De par sa conception ingénieuse, la Ressence Type 3 a logiquement remporté le prestigieux prix « Horological Revelation » au Grand Prix d'Horlogerie de Genève en 2013. Une reconnaissance bienvenue pour Benoît : « Cela nous a certainement donné beaucoup de visibilité, mais je sais déjà que je ne gagnerai plus jamais ce prix. C’est une belle récompense du monde de l'horlogerie suisse. Comparez cela aux Oscars : pour obtenir une telle statuette, il faut appartenir au cercle restreint d'Hollywood. Et si j’ai pu être couronné en tant que Belge, c’est très certainement grâce à Philippe Starck, membre du jury, qui avait promis de faire un esclandre si je ne le gagnais pas avec un design aussi innovant. »
Type 3 BBB : valve en carbone noir
La dernière nouveauté de la gamme huilée Type 3 est la version BBB et sa noirceur assumée. « Les composants de la BBB ont été recouverts d'une couche de carbone noir, mais l'huile est tout aussi incolore », détaille Benoît Mintiens. « Pour vous faire une idée, imaginez une pierre qui semble plus foncée lorsque vous la plongez dans l'eau. Grâce à l'huile, les fissures entre les pièces apparaissent aussi noires que les pièces elles-mêmes, ce qui produit un effet uniforme et lisse. »

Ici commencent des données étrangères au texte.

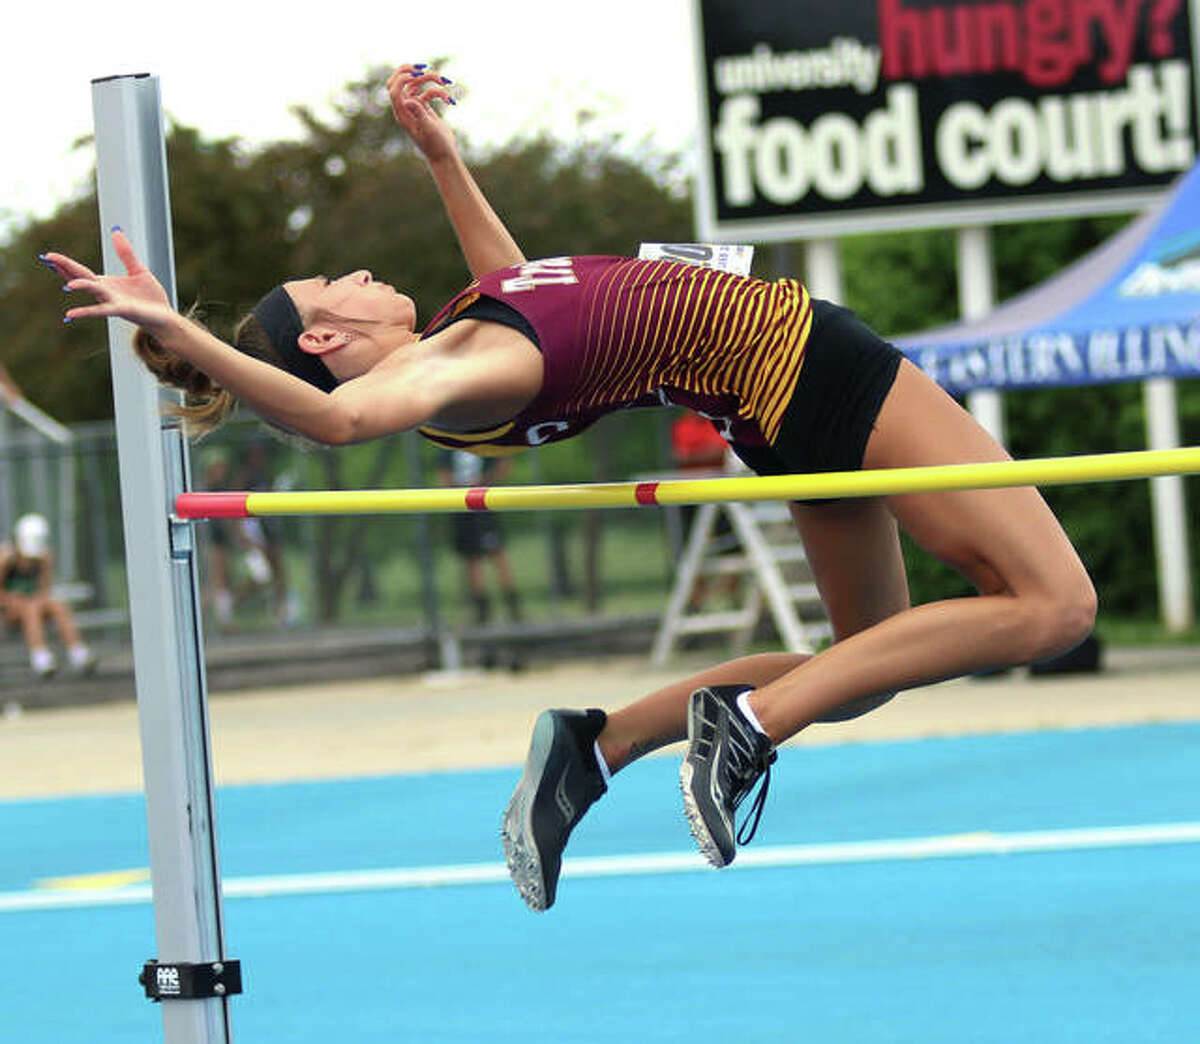 EA-WR senior Hannah Sechrest gets over the bar at 5 feet, 2 inches in the high jump at the Class 2A state meet Friday at O’Brien Stadium in Charleston. Sechrest finished seventh in the event, adding the the eighth-place state medal she won as a sophomore.

Type 8 : la pureté essentielle
Avec la Type 8, qui vient d'être présentée au salon Watches & Wonders à Genève, Ressence propose un modèle d'entrée de gamme… en accord avec les standards de la marque. Ce modèle coûte en effet 13 500 euros, alors que la Type 3 BBB représente par exemple un investissement de 39 400 euros. « Avec la Type 8, j'essaie de faire entrer plus rapidement les gens dans l'univers Ressence », justifie Benoit Mintiens. « Cette montre capture l'essence de Ressence. Les réactions observées à Genève sont déjà formidables. Alors que les magasins commandaient d'habitude trois à cinq exemplaires d'un modèle, ils ont demandé cette année combien ils pouvaient en acheter au maximum. Ressence sera ainsi en mesure de changer d'échelle, également en termes de réseau de distributeurs. En 2021, nous avons livré 400 montres. Grâce à la Type 8, nous pourrons peut-être doubler ce chiffre en 2022. »
Et au-delà de cette projection réjouissante, que faut-il attendre de Ressence dans un futur proche ? « Notre prochain modèle sera une nouvelle montre à huile », révèle déjà Benoit Mintiens. Pour ce créateur innovant, on ne peut plus parler de quart d’heure de célébrité ou d’heure de gloire. L’avenir de l’horlogerie continuera de se dessiner avec lui et sa vision unique de notre temps.